Ta strona została przepisana.

— Znam...
— Kto ją pani opowiedział?
— Sam ordynat.
— Ach ta! Otóż ona podobno wszystkie swe żale i smutki powierzała organom. Była mistrzynią w tej grze. Ordynat również grywa na nich i wysoce je ceni. Jakie na pani robi wrażenie ta sala.
— Sadzę, że ma w sobie coś klasztornego. Może to sprawia staroświecki ton ogólny. Zresztą organy widziałam tylko w kościołach: to zapewne jest powodem mego wrażenia.
— Na mnie wieje z tych wyniosłych ścian ukryty smutek — rzekła w zamyśleniu Rita.
Przeszli do przedniej części zamku, gdzie mieściła się zbrojownia. Tam najdłużej zabawili zwiedzający. Bogate zbiory broni, począwszy od zamierzchłych wieków, aż do najnowszych zdobyczy, porozwieszane były w malowniczych grupach. Całe zbroje husarskie ze skrzydłami i krzyżackie stały w pełnym rynsztunku, tworząc jakby historję uzbrojenia wieków. Drogocenne, kamieniami sadzone, złote i srebrne ryngrafy z wizerunkami świętych. Hełmy, przyłbice, szable polskie, jatagany tureckie. Sztylety, niektóre miały głownie skrzące klejnotami. Halabardy, lance, łuki, kopje i szturmaki. Zbrojne rzędy na konie. Trąby i bębny wojskowe, piszczałki i litaury. Wszystko poumieszczane na staroświeckich makatach, lub chorągwiach. Na zbrojach z herbami Michorowskich tabliczki objaśniały, którego członka rodu było własnością i w jakich bitwach były użyte. W innej sali gromadziły się trofea myśliwskie, wypchane niedźwiedzie, wilki, dziki, głowy łosi o olbrzymich rogach, orły, sokoły i ładniejsze okazy ptaków brodzących i wodnych. Wśród tych zbiorów wiele zaliczało się już do zdobyczy Waldemara, jeden oddział całkowicie z jego wyprawy myśliwskiej do Indji.
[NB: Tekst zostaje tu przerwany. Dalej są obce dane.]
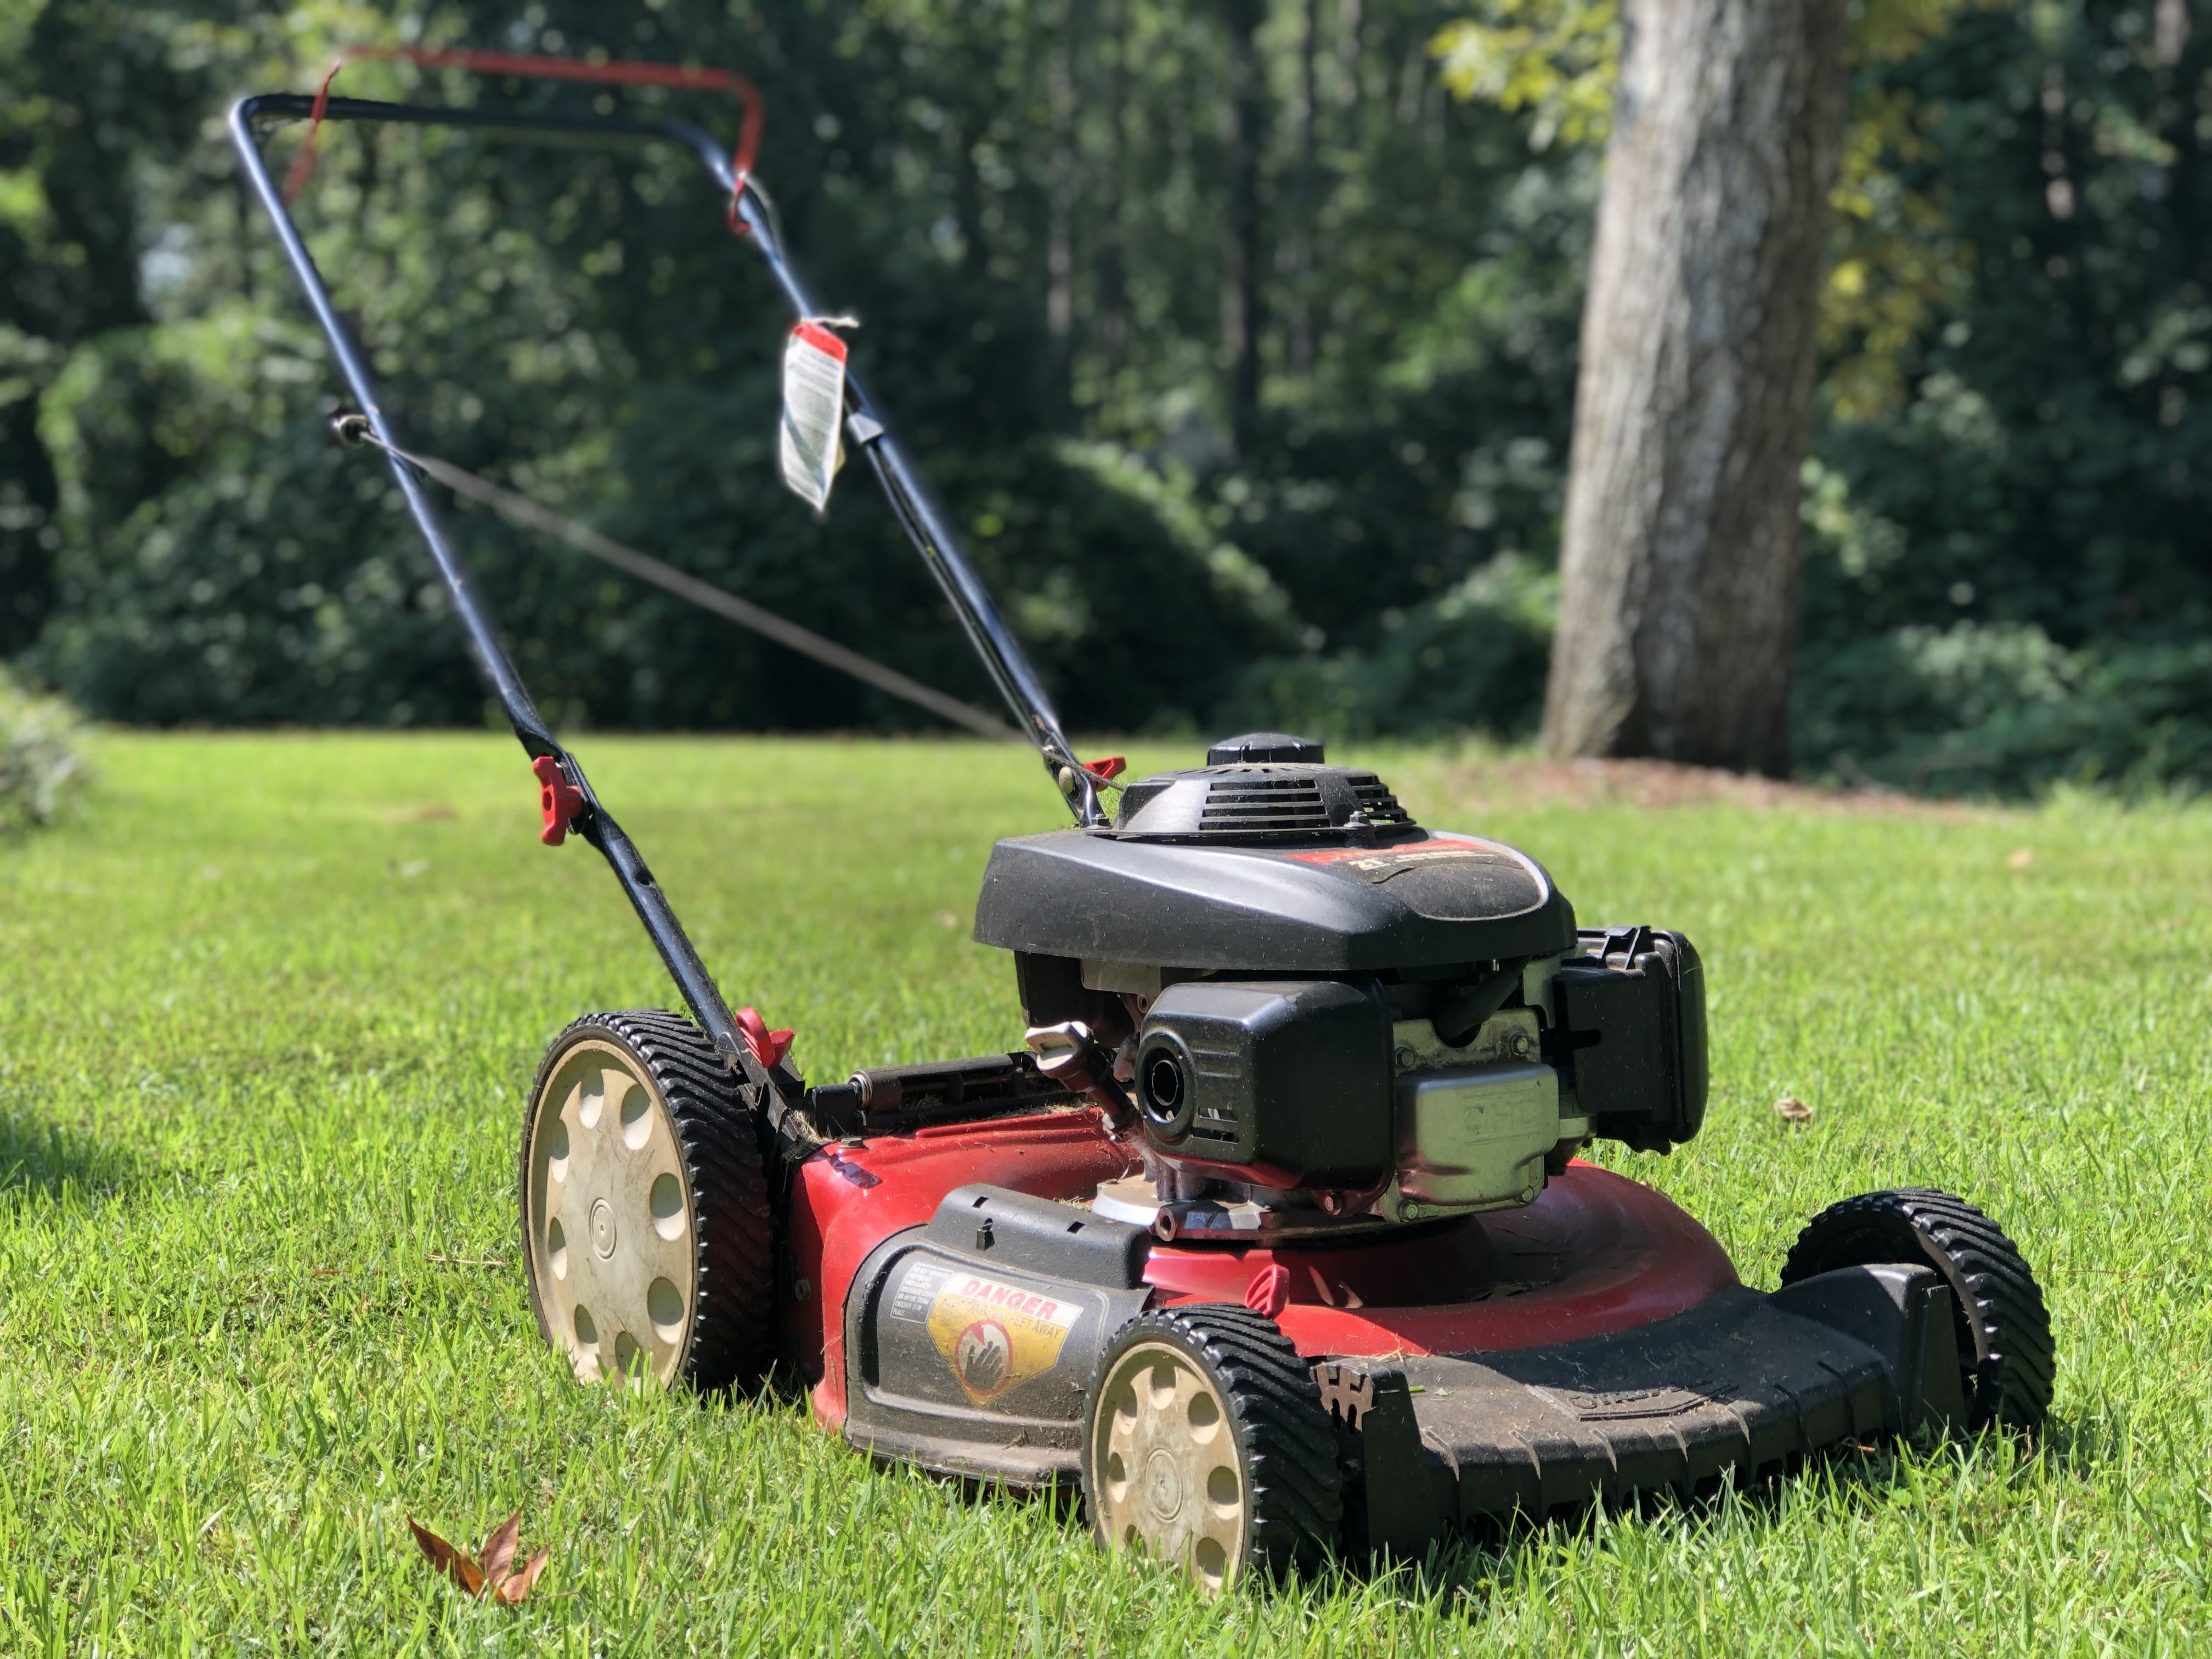 Winterize a Lawn Mower | Lawn Mower Storage Guide 2019

Stefcia widziała to na wystawie. Uśmiechnęła się przyjaźnie do murzyna, salutującego zwiedzających. Zbrojownia i sala myśliwska zachwyciła wszystkich. Stefcia nie wiedziała, co woli: bibljotekę z czytelnia, galerię obrazów, ogród zimowy, czy te, zbiory.
W zamku każda sala posiadała wyłączny charakter. Zwiedzono jeszcze pamiętną dla Stefci salę portretową, słynną z płaskorzeźb na suficie, i salę gobelinową.
— To nic. Nie widziała pani jeszcze koni — mówiła Rita do Stefci.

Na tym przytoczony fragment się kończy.